Last week, the Delaware Governor signed a bill amending Section 144 of Delaware General Corporation Law (“DGCL”) to create a safe harbor from litigation for transactions between corporations and their controlling stockholders. The law also amends certain sections of Section 220 of the DGCL, which allows stockholders to obtain access to certain books and records of the corporation.
Under prior precedent, transactions between corporations and their controlling stockholders were subject to Entire Fairness Review (Delaware’s most stringent standard of review requiring a fair price and fair process) unless those transactions were approved by both a special committee of disinterested directors and a majority of disinterested stockholders. A board of directors needed to implement these protections from the start of negotiations and the special committee needed to be fully independent of the controller. As for the stockholder vote, controller transactions needed to be approved by a majority of outstanding shares held by disinterested stockholders who were fully informed and uncoerced.

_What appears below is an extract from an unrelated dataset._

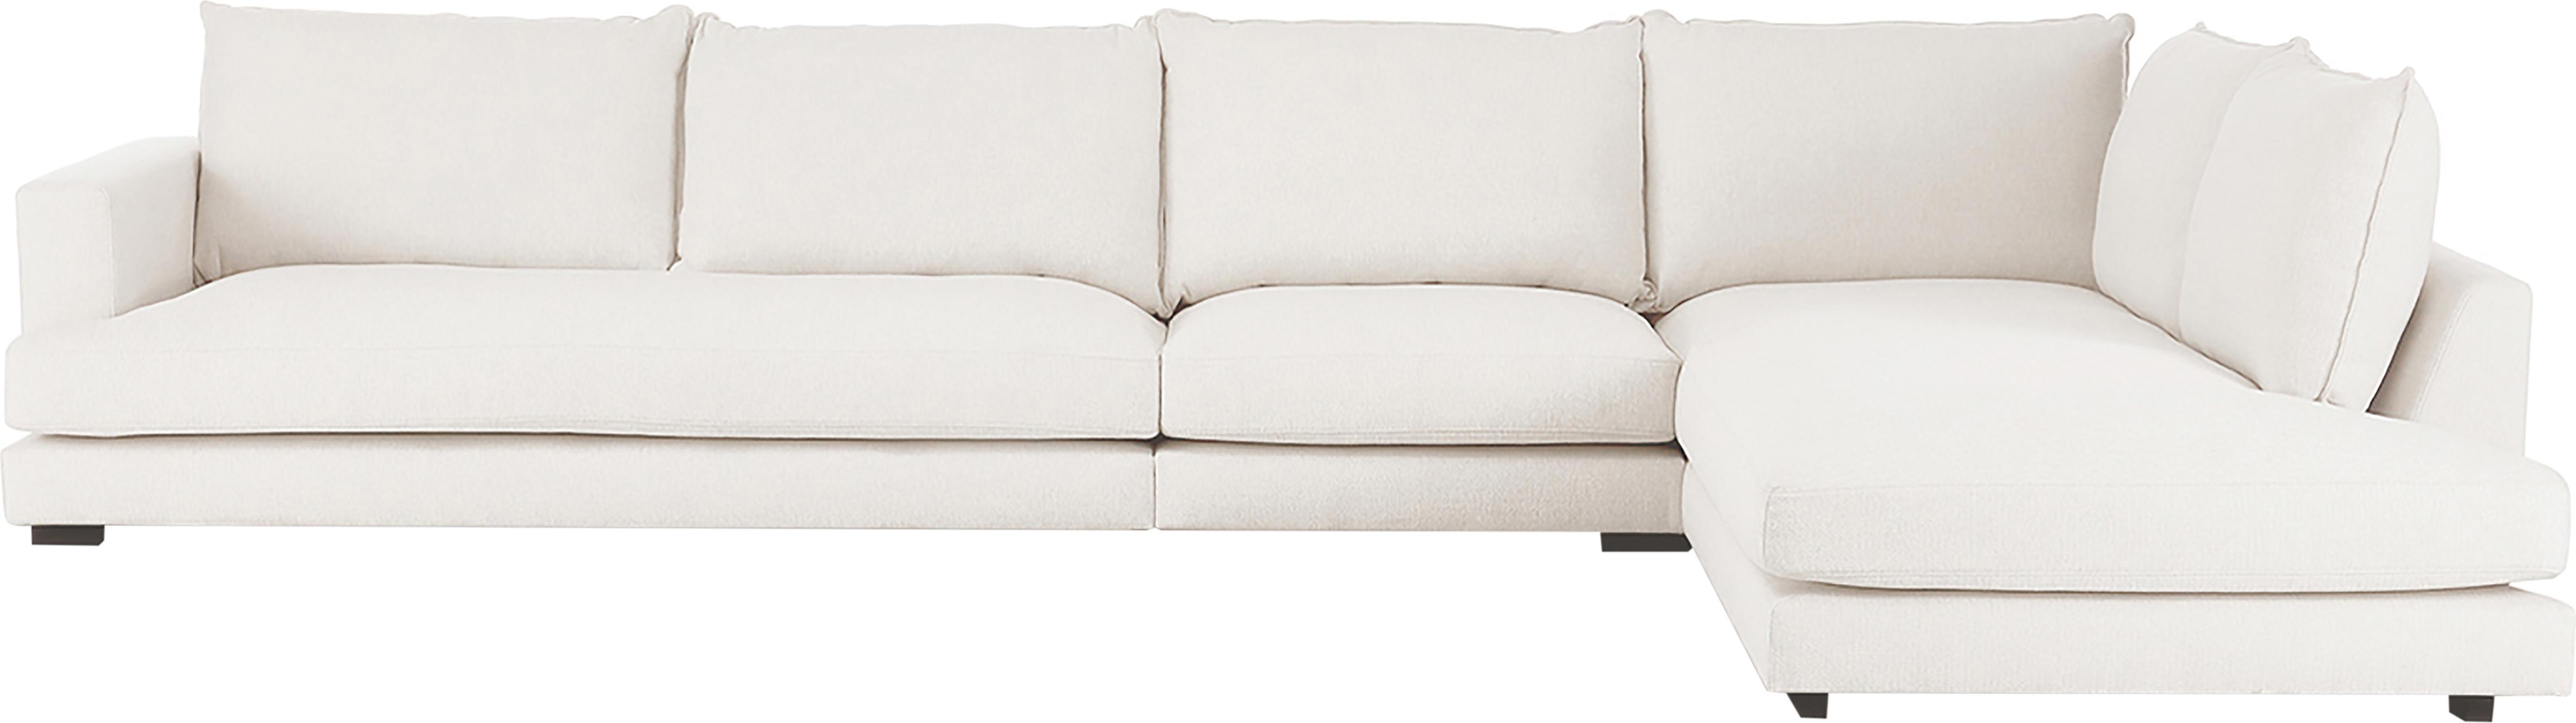 XL-Ecksofa Tribeca, Bezug: Polyester 25.000 Scheuert, Sitzfläche: Schaumpolster, Fasermater, Gestell: Massives Kiefernholz, Webstoff Beige, B 405 x T 228 cm

Under the new law, approval of both a special committee of disinterested directors and a majority of disinterested stockholders is no longer required. The new law only requires approval from either of these options. Moreover, for the safe harbor to apply, only a majority of the special committee needs to be independent.
The new Section 144 also lowers the threshold for approval of a controlling stockholder transaction by disinterested stockholders, from a majority of outstanding shares held by disinterested stockholders to a majority of votes cast by disinterested stockholders. And this condition no longer needs to be in place at the start of the transaction. For stockholder approval to be effective, the transaction needs to be conditioned upon the disinterested stockholder vote at the time it is submitted to stockholders.
The amendments to Section 144 also codify “controlling” stockholder and “disinterested” director, terms that were previously subject to judicial interpretation based on the unique facts of each case. A controlling stockholder is now defined as (1) a stockholder with majority voting power, (2) a stockholder with the contractual power to cause the election of a majority of board of directors, or (3) a stockholder with the equivalent of majority voting power by “virtue of ownership or control of at least one-third in voting power of the outstanding stock of the corporation entitled to vote generally in the election of directors or in the election of directors who have a majority in voting power of the votes of all directors on the board of directors and power to exercise managerial authority over the business and affairs of the corporation.” A disinterested director is defined as a director “who is not a party to the [relevant act or transaction] and does not have a material interest in the [relevant act or transaction] or a material relationship with a person that has a material interest in the [relevant act or transaction].”
Finally, the new law amends Section 220 of the DGCL to clarify the scope of the company’s books and records that a stockholder is entitled to inspect. Section 220 now defines books and records as (1) certificates of incorporation, (2) bylaws, (3) minutes of stockholder meetings and consent of action taken by stockholders without a meeting, (4) all communications to stockholders, (5) minutes of any meeting of the board of directors or any committee of the board, (6) materials provided to the board of directors in connection with actions taken by the board,(7) annual financial statements of the corporation, (8) stockholder agreements under DGCL Section 122, and (9) director and office questionnaires. A court is allowed to order the production of documents outside of this definition, but only in very limited circumstances.
The amendments to Section 220 limit the period from which stockholders can obtain minutes and signed consents from stockholder meetings, communications to stockholders, and annual financial statements to three years preceding the demand. The law also requires stockholders to allege their purpose for seeking books and records with “reasonable particularity.”
The Delaware Governor said the new law will ensure “clarity and predictability, balancing the interests of stockholders and corporate boards.” While there has been much debate in Delaware about whether the new law evenly balances the interest of stockholders and corporate boards, the new law is clearly designed to provide more clarity and predictability for Delaware corporations by limiting court scrutiny of potentially conflicted controlling stockholder transactions and stockholder demands for company records.